Early on Lisbeth is told: “A client is asking the impossible. Are you interested?” She is, so the movie grinds on. And what, exactly, is she being hired to do? Hack into NSA computers, something that’s proved all too possible in real life. It does seem impossible for Lisbeth to smile, although she’s played by Claire Foy, recently of “First Man” and “The Crown,”or even to change the expression of dark anxiety that’s fixed on her face.

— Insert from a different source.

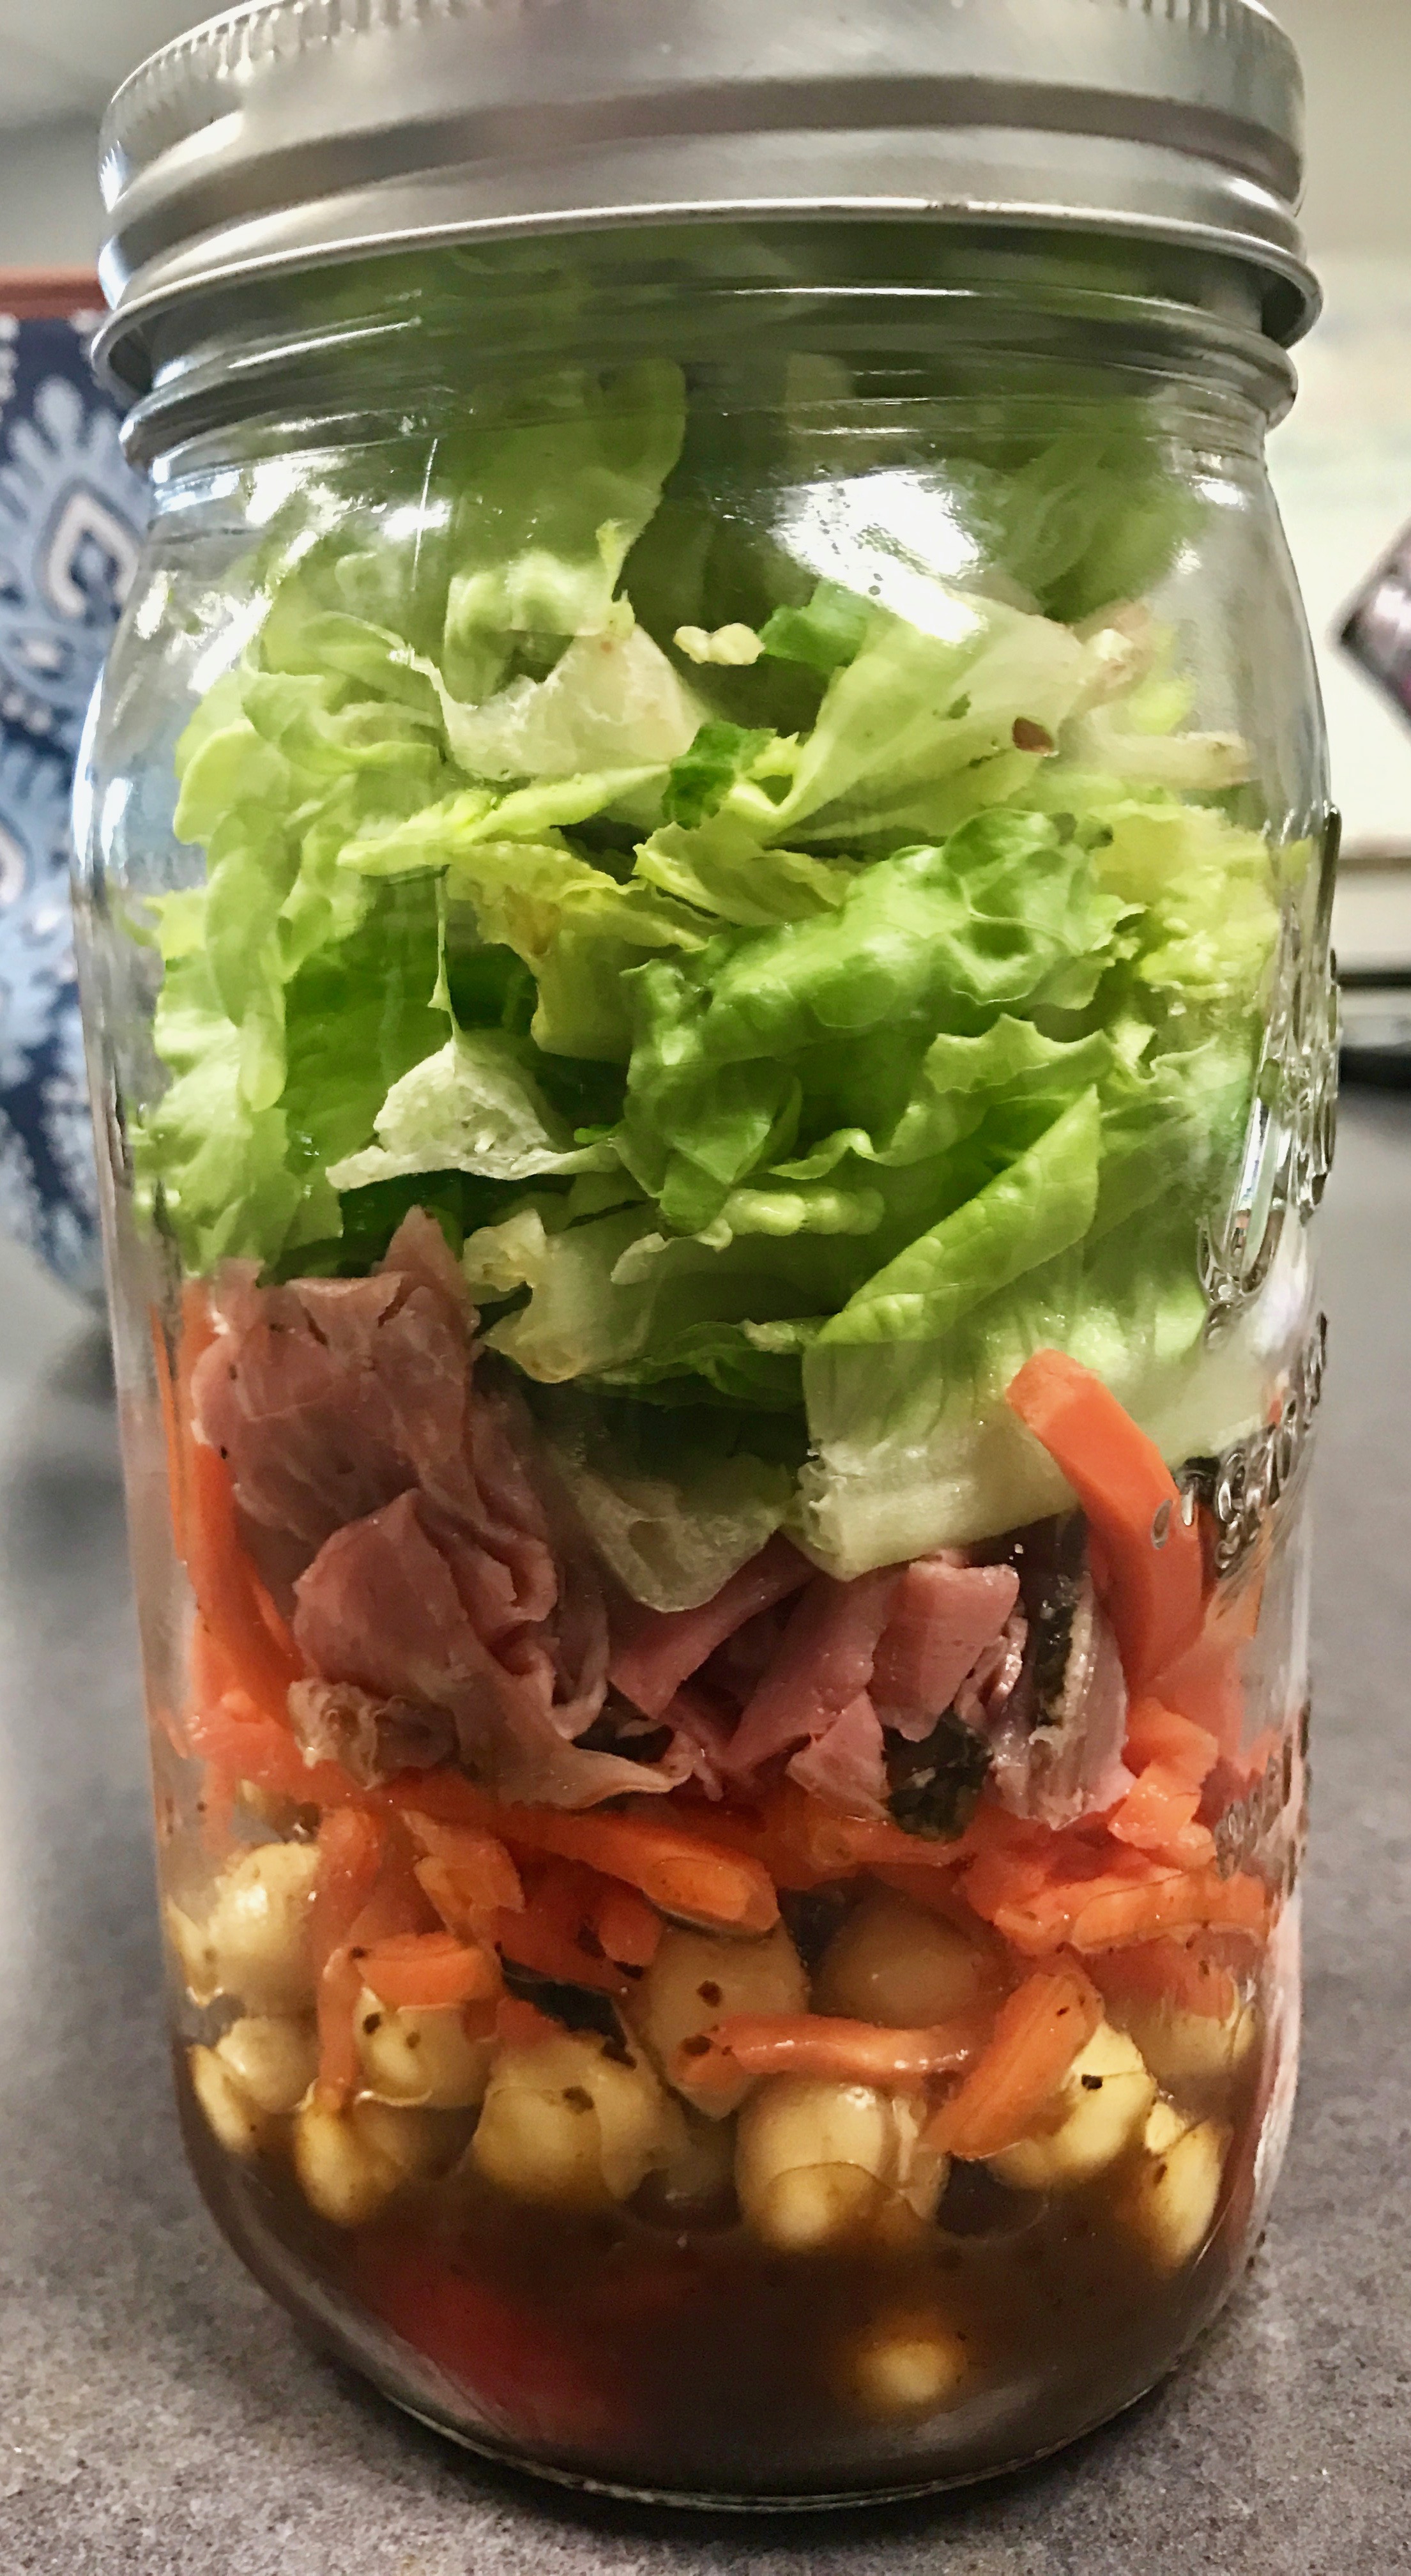 Roast Beef Salad in a Jar
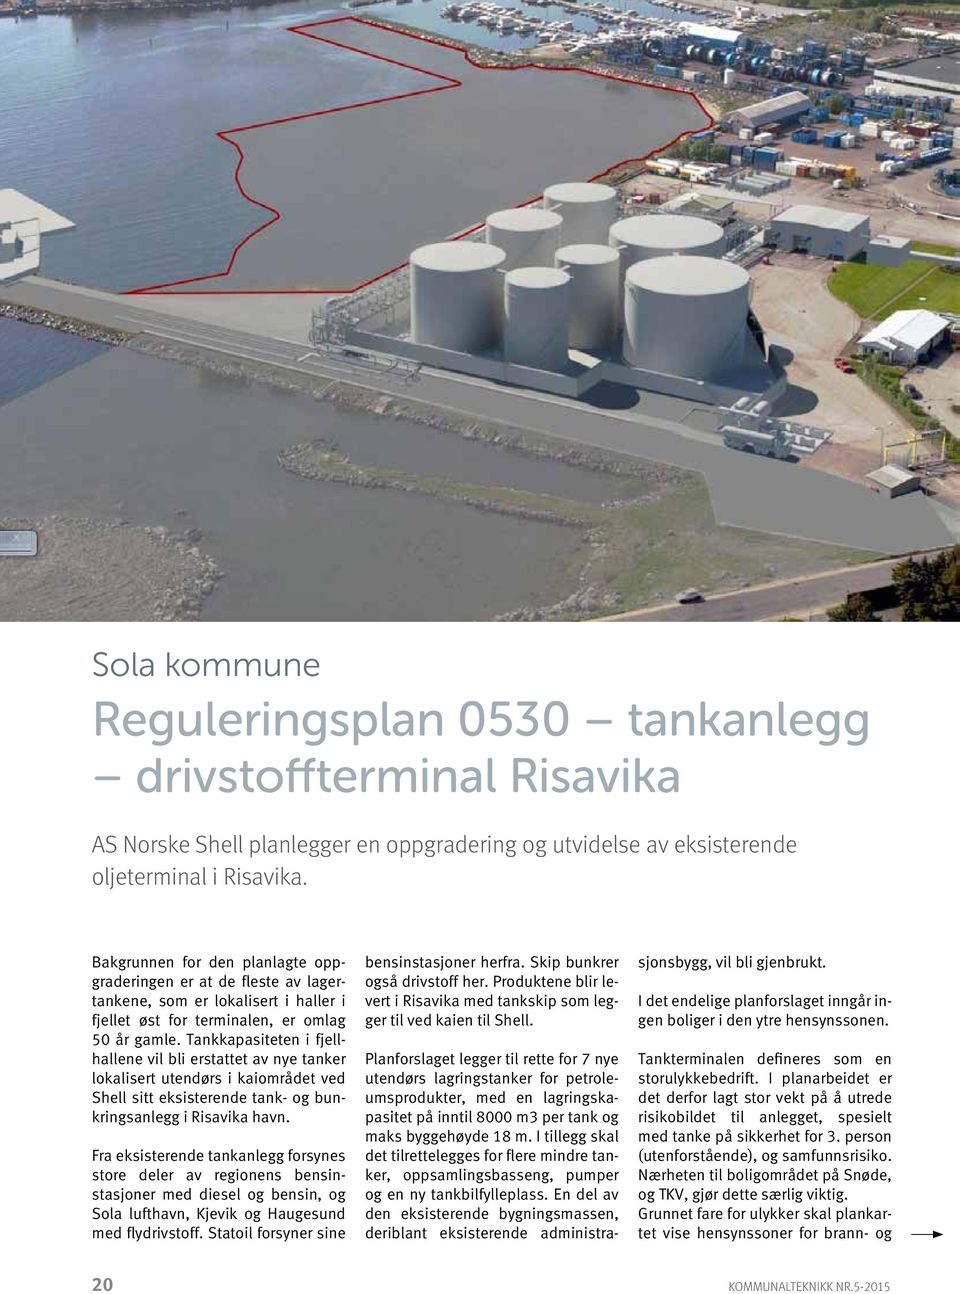 Tankkapasiteten i fjellhallene vil bli erstattet av nye tanker lokalisert utendørs i kaiområdet ved Shell sitt eksisterende tank- og bunkringsanlegg i Risavika havn.

The stars were misaligned from the start for this frantic, turgid thriller. That’s no knock on Claire Foy, who might have surprised us if she’d had a different director working from a different script under a different set of studio imperatives that didn’t involve extracting blood from a very cold stone. The problem was the franchise having passed its expiration date without fresh ingredients to renew it. No Noomi Rapace, the actress who went her own way after establishing Lisbeth, in 2009, as the sensationally original heroine of three Swedish-language films adapted from Stieg Larsson’s Millennium Trilogy. No Rooney Mara, who played the role the following year in an English-language version of “The Girl With the Dragon Tattoo.” And no more source material from Larsson, who died in 2004.

In the new script, based on a novel by David Lagercrantz (who based his book on Larsson’s characters), and under the coarse- textured direction of Fede Alvarez, Lisbeth has been transformed from tortured Goth and vengeful hacker to a cross between James Bond, or Jane Bondage, and a ninja warrior. At various points in the narrative she is beaten, stabbed (we see the wound on her shoulder being stapled back together), not-quite-lethally injected, gassed and shrink-wrapped. Lisbeth is asked to save civilization—the program to be purloined from the NSA has the potential to end life on earth—but she can’t save the film because there’s nothing for her to do but fight and suffer, suffer and fight, and there’s no one else to hold our interest, let alone catch our fancy. Lisbeth’s sister, Camilla, is a villain of thudding banality; she’s played by Sylvia Hoeks, who’s a victim in her own right. The score was composed by Roque Baños; it’s the musical equivalent of assault and battery.